◆ **What needs to be done**
Lines from the line with "Topshop Womens Size" to the line with "Slimming: Rainbow Beauty Centre" in the entries below, and only those, must be output exactly, with both ends included.

──────────

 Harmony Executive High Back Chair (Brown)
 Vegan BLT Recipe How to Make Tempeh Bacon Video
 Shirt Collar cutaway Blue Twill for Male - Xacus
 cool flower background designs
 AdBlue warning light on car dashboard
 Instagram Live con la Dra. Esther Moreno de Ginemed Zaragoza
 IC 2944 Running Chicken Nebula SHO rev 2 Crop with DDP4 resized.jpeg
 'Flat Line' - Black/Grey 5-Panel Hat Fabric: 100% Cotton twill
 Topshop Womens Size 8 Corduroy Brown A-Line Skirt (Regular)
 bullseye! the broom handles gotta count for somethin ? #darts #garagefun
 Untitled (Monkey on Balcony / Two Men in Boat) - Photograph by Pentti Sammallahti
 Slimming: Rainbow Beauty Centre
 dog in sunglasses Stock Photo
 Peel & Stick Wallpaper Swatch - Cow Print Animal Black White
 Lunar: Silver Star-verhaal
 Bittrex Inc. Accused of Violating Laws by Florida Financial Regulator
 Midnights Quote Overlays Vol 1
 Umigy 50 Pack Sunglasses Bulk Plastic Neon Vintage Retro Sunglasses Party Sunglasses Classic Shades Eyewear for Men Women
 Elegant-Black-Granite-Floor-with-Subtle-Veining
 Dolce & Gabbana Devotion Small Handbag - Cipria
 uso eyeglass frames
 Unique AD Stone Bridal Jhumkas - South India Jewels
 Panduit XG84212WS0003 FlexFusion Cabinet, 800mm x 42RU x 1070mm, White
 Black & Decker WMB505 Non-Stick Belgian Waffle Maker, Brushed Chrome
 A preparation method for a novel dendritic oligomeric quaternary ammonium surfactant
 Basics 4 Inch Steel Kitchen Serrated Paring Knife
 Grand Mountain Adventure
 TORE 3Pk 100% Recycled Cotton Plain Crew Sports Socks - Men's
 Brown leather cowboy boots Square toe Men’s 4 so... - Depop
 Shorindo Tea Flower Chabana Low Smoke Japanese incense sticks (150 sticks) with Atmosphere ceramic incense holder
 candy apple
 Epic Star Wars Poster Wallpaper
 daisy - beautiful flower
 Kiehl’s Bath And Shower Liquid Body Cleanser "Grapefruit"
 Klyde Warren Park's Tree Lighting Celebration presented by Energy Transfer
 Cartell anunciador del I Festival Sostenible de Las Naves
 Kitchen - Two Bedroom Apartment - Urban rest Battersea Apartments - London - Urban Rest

──────────

◆ **Exercise response**
 Topshop Womens Size 8 Corduroy Brown A-Line Skirt (Regular)
 bullseye! the broom handles gotta count for somethin ? #darts #garagefun
 Untitled (Monkey on Balcony / Two Men in Boat) - Photograph by Pentti Sammallahti
 Slimming: Rainbow Beauty Centre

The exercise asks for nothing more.